DataPDF Available

Abstract

Conference Paper
1
A modular approach to developing interdisciplinary,
interoperable standards for geochemical data based on
the Semantic Sensor Network (SSN) Ontology.
Lesley Wyborn, Simon Cox, Kerstin Lehnert, Jens Klump
Summary
Interoperability across multiple scientific disciplines has generally had limited success, as most
standards are specific to a single community or discipline. However, many components of scientific
data are common to multiple disciplines, and if these can be identified and leveraged then valuable
foundations are laid for cross-discipline interoperability. A recent joint W3C and OGC standard - the
Semantic Sensor Network (SSN) ontology - specifies the semantics of sensors, observation, sampling,
and actuation, and supports a modular approach to the specification of the details of these elements
of a scientific information system. This separation of concerns then allows the relevant experts to
define community-endorsed standards for individual disciplines, with protocols and vocabularies in
each of the modular components, within a common overall framework. Where the same component
is used in many disciplines (e.g., geographical location, units of measure, colour, elements of the
periodic table, definition of magnetic properties) common (universal) reference standards,
protocols, can be established.
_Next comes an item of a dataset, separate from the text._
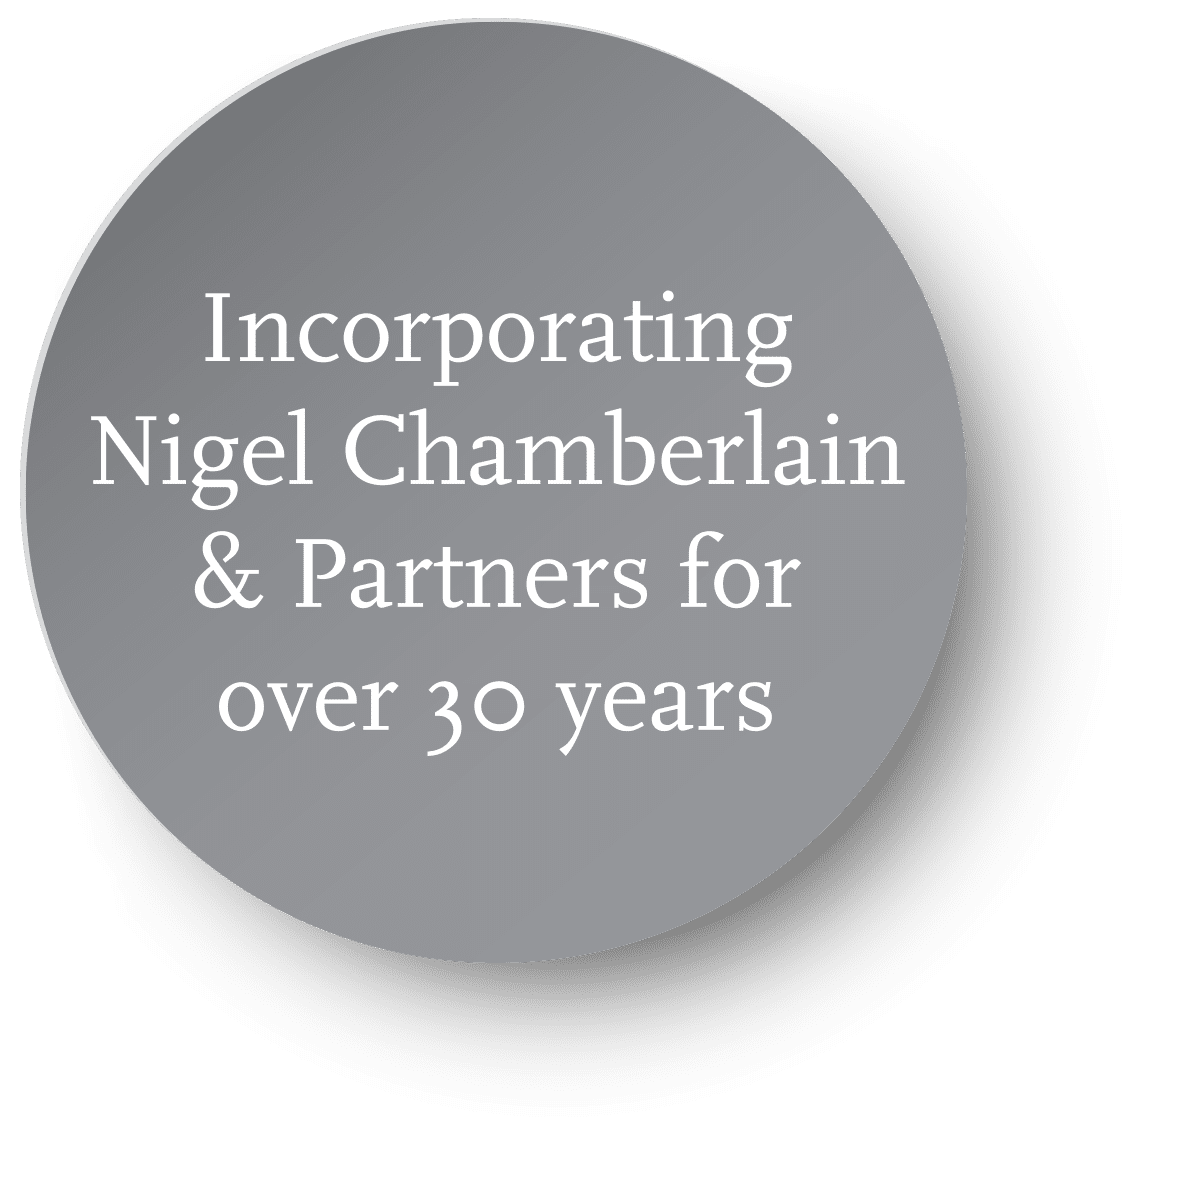 Incorporating Nigel Chamberlain & Partners for over 30 years

This modular approach will ultimately facilitate interdisciplinary
science and lay the foundations for digital scientific data to be born connected to multiple
disciplines. An example of this approach is shown through the subdiscipline of geochemistry.
Abstract
Interoperability of data within a single scientific domain has been the focus of both technical data
managers and scientific discipline specialists for many decades. For example, geochemistry is widely
used in the field of Earth and environmental sciences, and several efforts have been undertaken to
standardise of geochemical data for publication within the geoscience discipline (e.g., Deines, 2003;
Staudigel et al., 2003; Potts, 2012; Goldstein et al., 2014). However, as they are designed for
standardising data in publications, they do not support use in data processing and analysis, and are
also limited in their capacity for interoperability with other disciplines. There has also been some
development of standards to allow data from multiple geochemical databases to be brought into a
coherent entity (e.g., EarthChem XML, IEDA 2018), but currently these are only local efforts and have
not yet been endorsed as agreed international standards.
Interoperability across multiple scientific disciplines has generally had limited success, mainly
because the standards within a discipline are too specific to the discipline that developed it.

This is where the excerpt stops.